Finding a Classic ClassicI have never tried to rewrite or adapt a classic book, but characters from classic stories and nursery rhymes have certainly made many a guest appearance in my picture book work. Little Red Riding Hood, the three bears, the big bad wolf, the three little pigs and others, have all had walk-on parts. Their presence has leant these stories a certain familiarity and made it seem as if all these nursery characters, whether mine or somebody else’s creation, inhabit their own, real world where new stories may be happening, unrecorded, all the time; much as the cartoon characters in Toon Town in the film Roger Rabbit. I find that idea quite reassuring. One only has to enter that world to discover a completely new adventure.
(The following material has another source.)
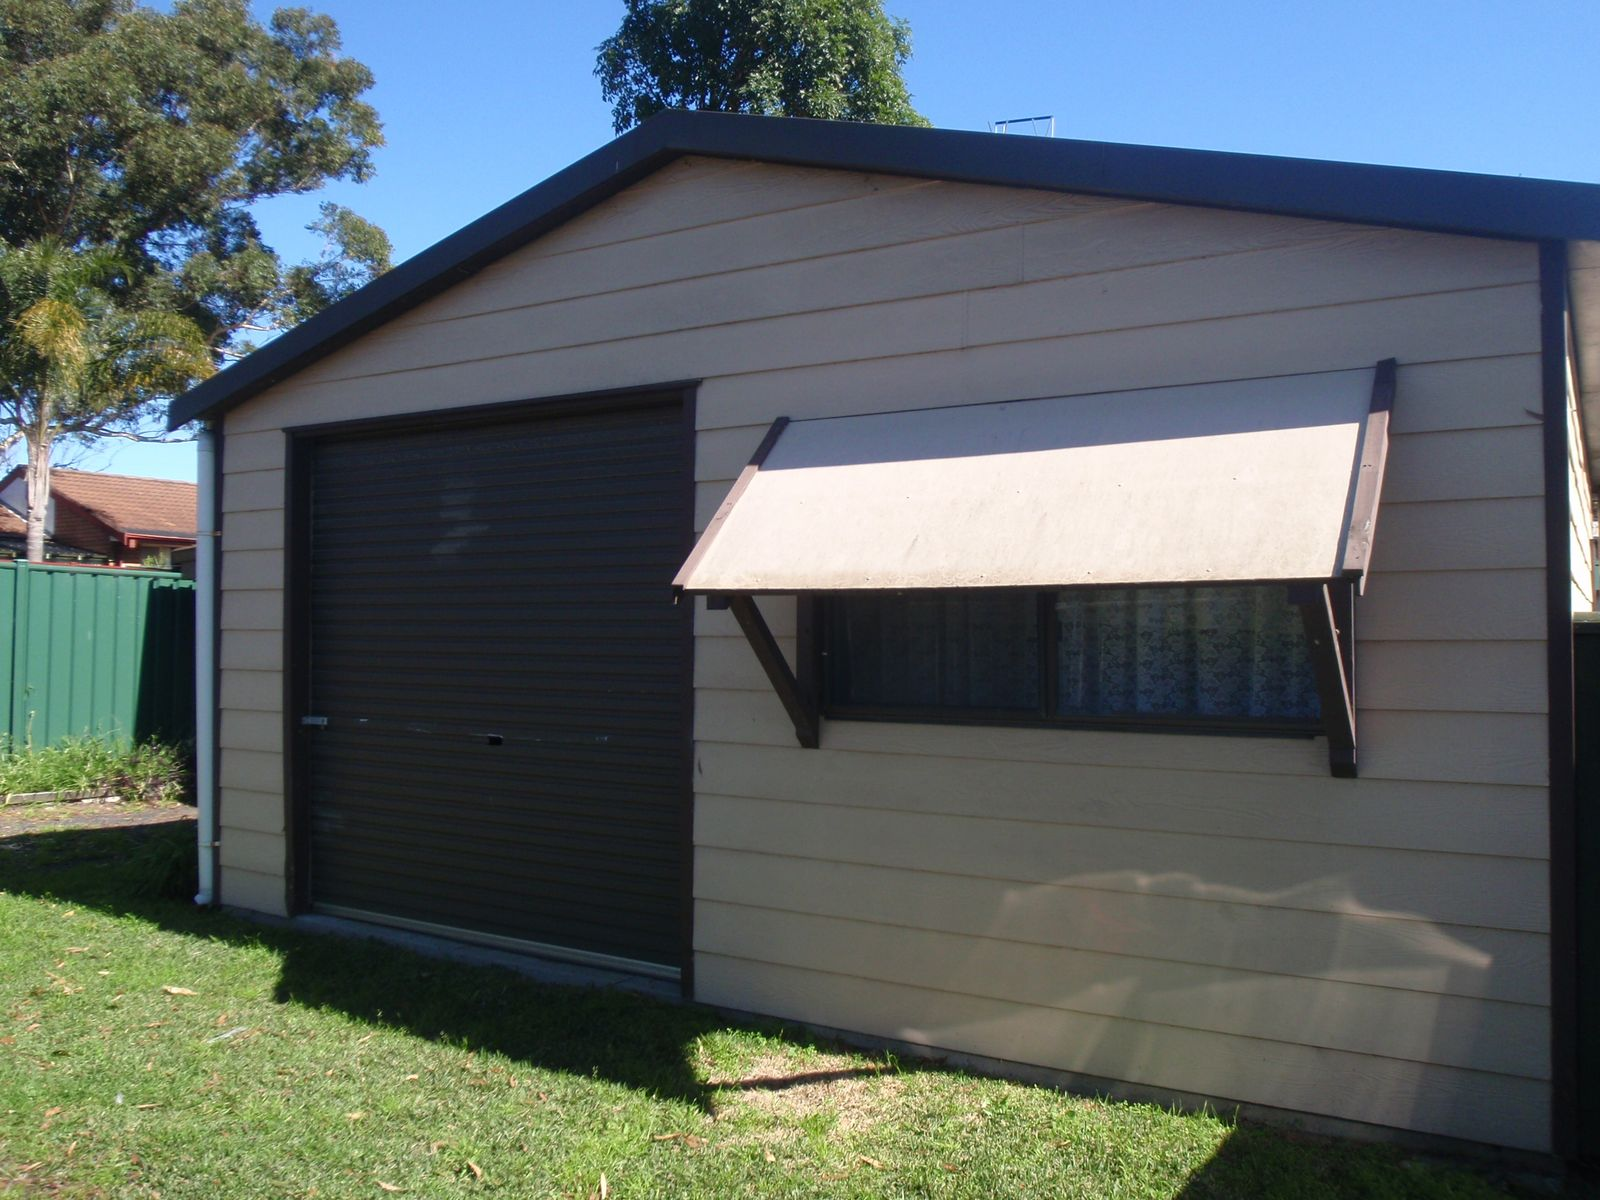 C/94 Springwood Avenue, Ettalong Beach, NSW 2257

It sometimes takes a long time for a book to worm its way into my heart. I have to re-read it and flick through its pages again and again, savouring sentences and studying illustrations, seeing how the ink sits on the page. Then it becomes like an old and trusted friend.
One of my favourite classic books is Treasure Island, but I didn’t fully appreciate its brilliance until the right edition came along and everything clicked. I first became familiar with Treasure Island through the film starring Robert Newton who, with his greasy beard and rheumy eye, created the archetypal screen pirate. ‘Arrr, Jim lad!’
When I did eventually turn to the book, I was a bit disappointed. I have the same problem with music – it takes me years, sometimes, to appreciate what many people seem to get straight away! Anyway, the book didn’t quite work for me, until I found an edition that I fell in love with.
This was illustrated by one of my heroes, Mervyn Peake, where everything seemed to be right – the design and layout, the quality of the paper and, of course, Peake’s wonderful illustrations. Here was a pirate that enhanced the character on the page, and surpassed the screen version, which now began to look rather cartoony. Peake’s Long John Silver is so real you can almost smell the salt and sweat on his clothes.
All of a sudden the story came alive and I appreciated Stevenson’s wonderful and economic writing for the first time. Could there be a better opening passage to an adventure book:
"I remember him as if it were yesterday, as he came plodding to the inn door, his sea-chest following behind him in a hand-barrow; a tall, strong, heavy, nut-brown man; his tarry pigtail falling over the shoulders of his soiled blue coat; his hands ragged and scarred, with black, broken nails; and the sabre cut across one cheek, a dirty livid white. I remember him looking round the cove and whistling to himself as he did so, and then breaking out in that old sea-song that he sang so often afterwards:-
‘Fifteen men on a dead man’s chest-
Yo-ho-ho and a bottle of rum!’"
Treasure Island still has a hold on me, and I find pirates popping up in my stories all the time. Each has something of either Robert Newton, Robert Louis Stevenson, or Mervyn Peake in them, whether it’s Captain Cut-throat, leader of the band of lady pirates in my Charlie Small adventures, or Captain Bonedust in Alfie Small’s first journal. But to create a character as real, as devious, but as appealing as Long John Silver, now that would be something!